Ce drabble est une lettre écrite par Sirius à sa mère, des années après le décès de celle-ci.

3.

Walburga Black.

J'ai t'ai hais tellement fort, tellement violement. J'ai détesté à un point inimaginable toi et tes traditions liées à ce que vous aimiez appeler "familles au sang pur". Je t'ai hais toi et le contrôle permanent que tu exercais. Et pourtant. Pourtant, je t'aimais. Oui, je t'aimais comme un enfant aime sa mère. Je me disais qu'au fond le problème venait de moi pour que tu soies aussi froide et distante avec moi. Je m'en voulais d'être un mauvais garçon pour toi.

J'avais mal aussi. Te voir t'occuper si chalereusement de Regulus alors que tu ne me réservais que les regards noir et la colère, me blessait au plus haut point. Alors oui j'étais jaloux de lui et de l'attention que tu lui portais. Dans ma tête de gosse je ne le supportais pas. Et je pense que je ne le supporterais pas même à cet instant. J'ai toujours pensé que c'était mon côté égoïste qui se manifestait à ces moments. Je me suis toujours demandé ce que j'avais bien pu faire pour mériter ta haine.

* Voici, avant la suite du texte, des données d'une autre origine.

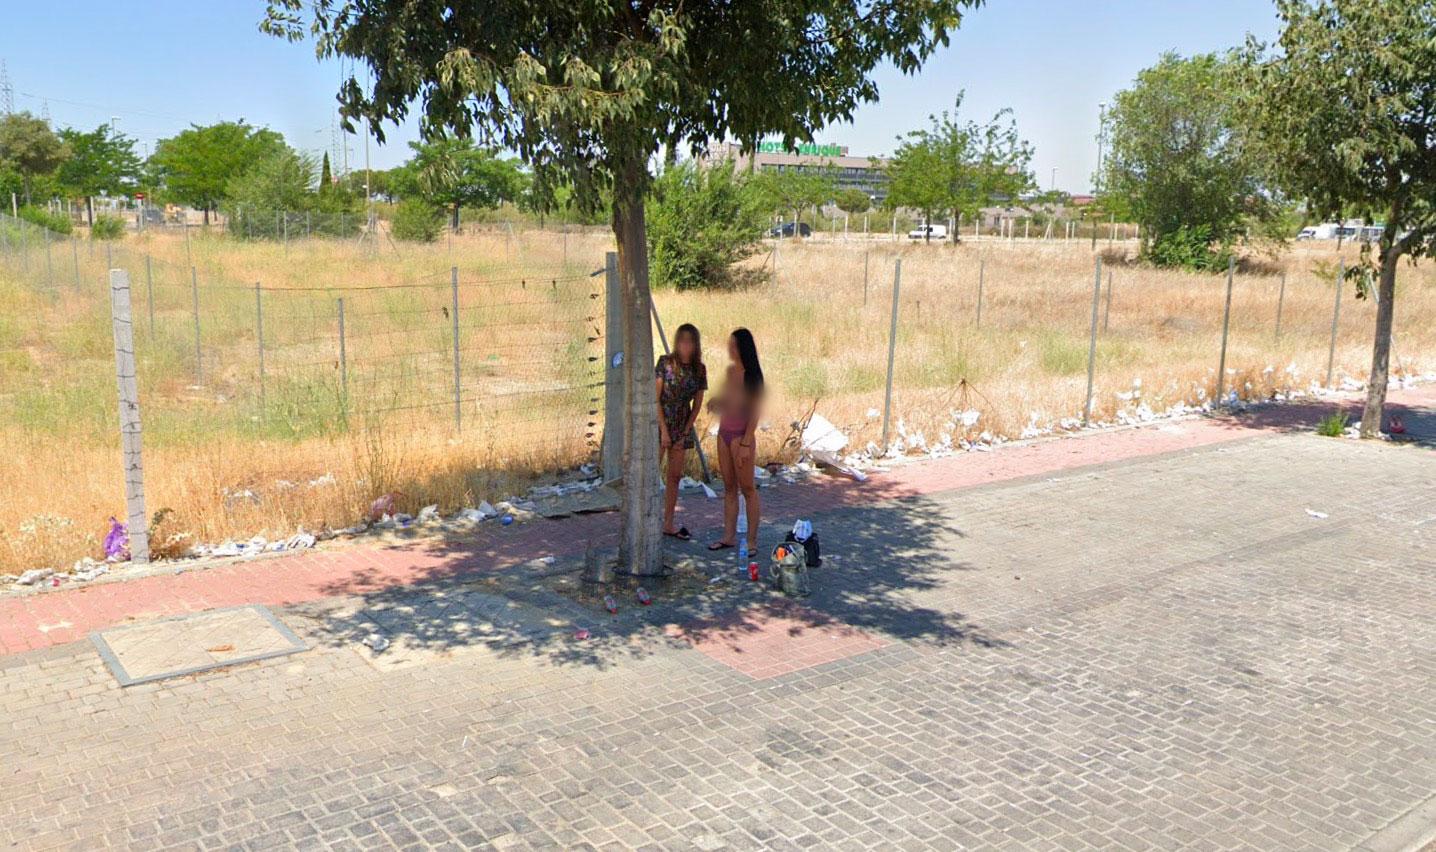 Drôle d'endroit pour faire du seins nus - Google Maps (image modifiée)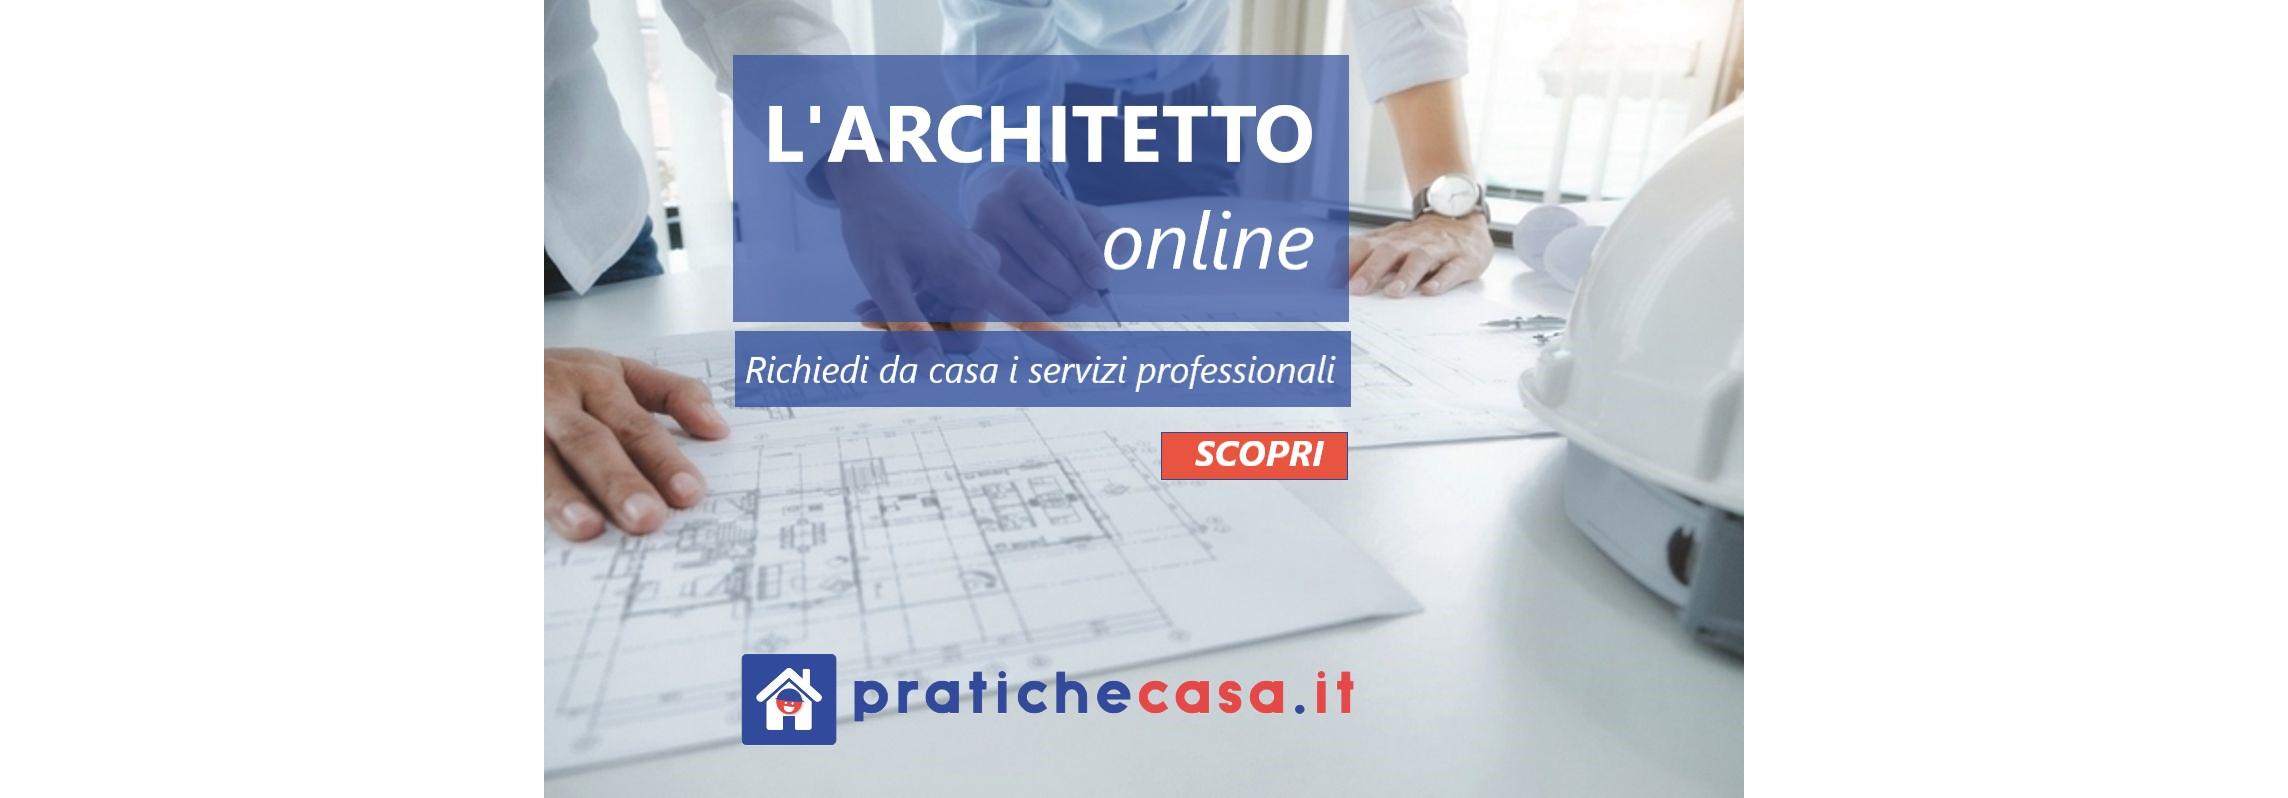 permesso-di-costruire-pdc-architetto-online-pratiche-casa-pratichecasa

De ce fait, j'ai voulu attirer ton attention par tous les moyens que je trouvais. Je voulais que tu me vois aussi, je voulais compter pour toi, même si pour cela je devais essuyer tes colères. Je me disais que de cette façon j'avais une partie de ton attention même si ce n'était pas celle que je souhaitais. Plus les années passaient et plus je voyais qu'au fond cela ne me suffuisait pas. J'étais et le suis encore, trop fier pour avouer que je souffrais de cette vie de famille.

Je gardais la tête haute et clamait à qui voulait l'entendre que je voud haïssais plus que tout. Rien qu'une belle façade n'est-ce pas ? Toute mon arrogance ressortait bien à ces moments. Moyen de me protéger ? Peut être. Tout ce que je sais c'est que j'ai hérité dès lors du rôle de mouton noir des Black. Ce n'était pas mon but mais au final je voulais être différent de toi, d'eux. Je ne voulais pas de votre dogme. Je voulais être libre mais au fond mes choix m'ont enchaînés dans une illusion que je devais maintenir. Par arrogance j'ai fini à Griffondor pour vous montrer ma différence.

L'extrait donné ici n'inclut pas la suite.